La pulpitis dental es una enfermedad que afecta la pulpa del diente, un tejido blando y vivo que se encuentra en el centro del diente. La pulpitis es la inflamación de la pulpa dental, es decir, del interior del diente, lo que comúnmente conocemos como “nervio”. La pulpitis es una inflamación que afecta a la pulpa del diente, el tejido blando que contiene las terminaciones nerviosas y los vasos sanguíneos del diente.
La pulpa tiene, entre otras funciones, la capacidad de percibir los golpes y los daños en los dientes y por tanto es muy sensible. De ahí que cuando se infecta, provocando una pulpitis, pueda ser extremadamente doloroso.

Anatomía de un diente mostrando la pulpa dental.
Tipos de Pulpitis
En odontología distinguimos entre dos tipos de pulpitis dental: la reversible y la irreversible.La pulpitis, dependiendo de la profundidad de la lesión y del nivel de inflamación, puede manifestarse de dos formas diferentes: pulpitis reversible y pulpitis irreversible.
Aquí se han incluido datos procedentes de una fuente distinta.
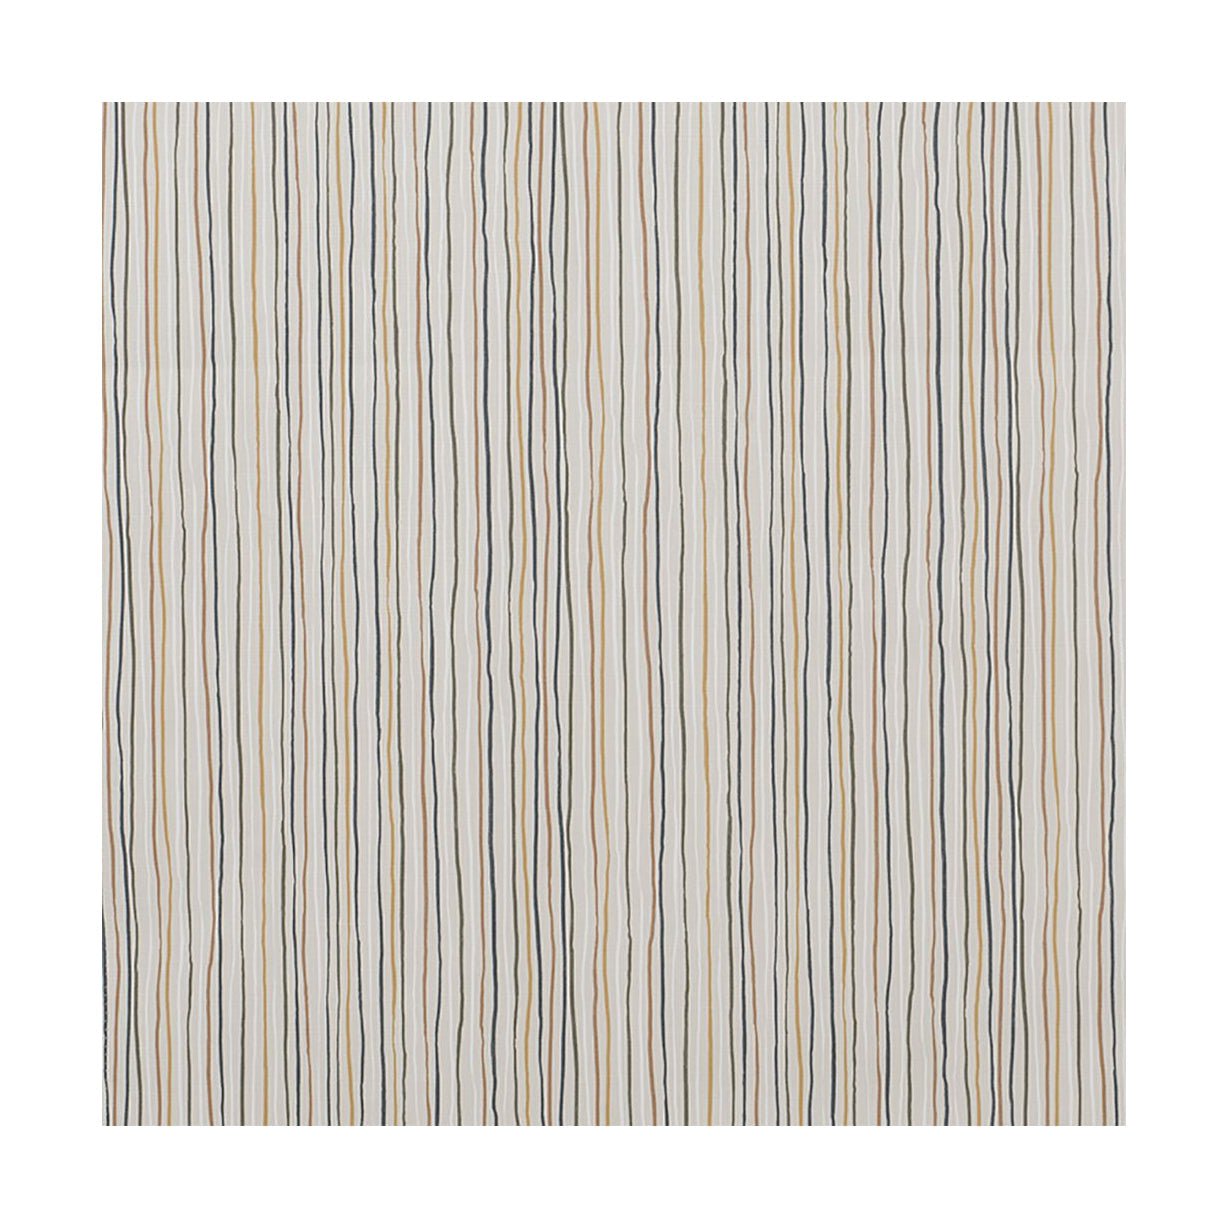 Szerokość tkaniny Spira Stripe 150 cm (cena za metr), wielokolorowe

- Pulpitis reversible: Esta forma de pulpitis se produce cuando los dientes son sometidos a un estímulo temporal, como el uso excesivo del cepillo dental o el consumo excesivo de alimentos ácidos. La pulpitis reversible se caracteriza por la inflamación transitoria de la pulpa dental. En el primer caso, la inflamación es de leve a moderada y la lesión cariosa suele encontrarse en el esmalte o en la superficie de la dentina.
- Pulpitis irreversible: Esta forma se produce cuando los dientes son expuestos a un daño permanente, como la caries profunda o un trauma. Por otra parte, la pulpitis irreversible requiere la realización de diversos tratamientos odontológicos, como la endodoncia, ya que el tejido no puede recuperarse. La pulpitis irreversible, en cambio, se produce cuando la inflamación es severa, teniendo un riesgo elevado de evolucionar hacia la necrosis pulpar. En estos casos, es común ver que la patología va acompañada de periodontitis o abscesos.
Causas de la Pulpitis Dental
La pulpitis puede ser provocada por diversas causas. La causa principal de la pulpitis suelen ser las caries, estas destruyen el esmalte del diente afectando la pulpa dental. La pulpitis, generalmente, acostumbra a estar relacionada con la presencia de caries en estado avanzado, no tratadas mediante una obturación o empaste.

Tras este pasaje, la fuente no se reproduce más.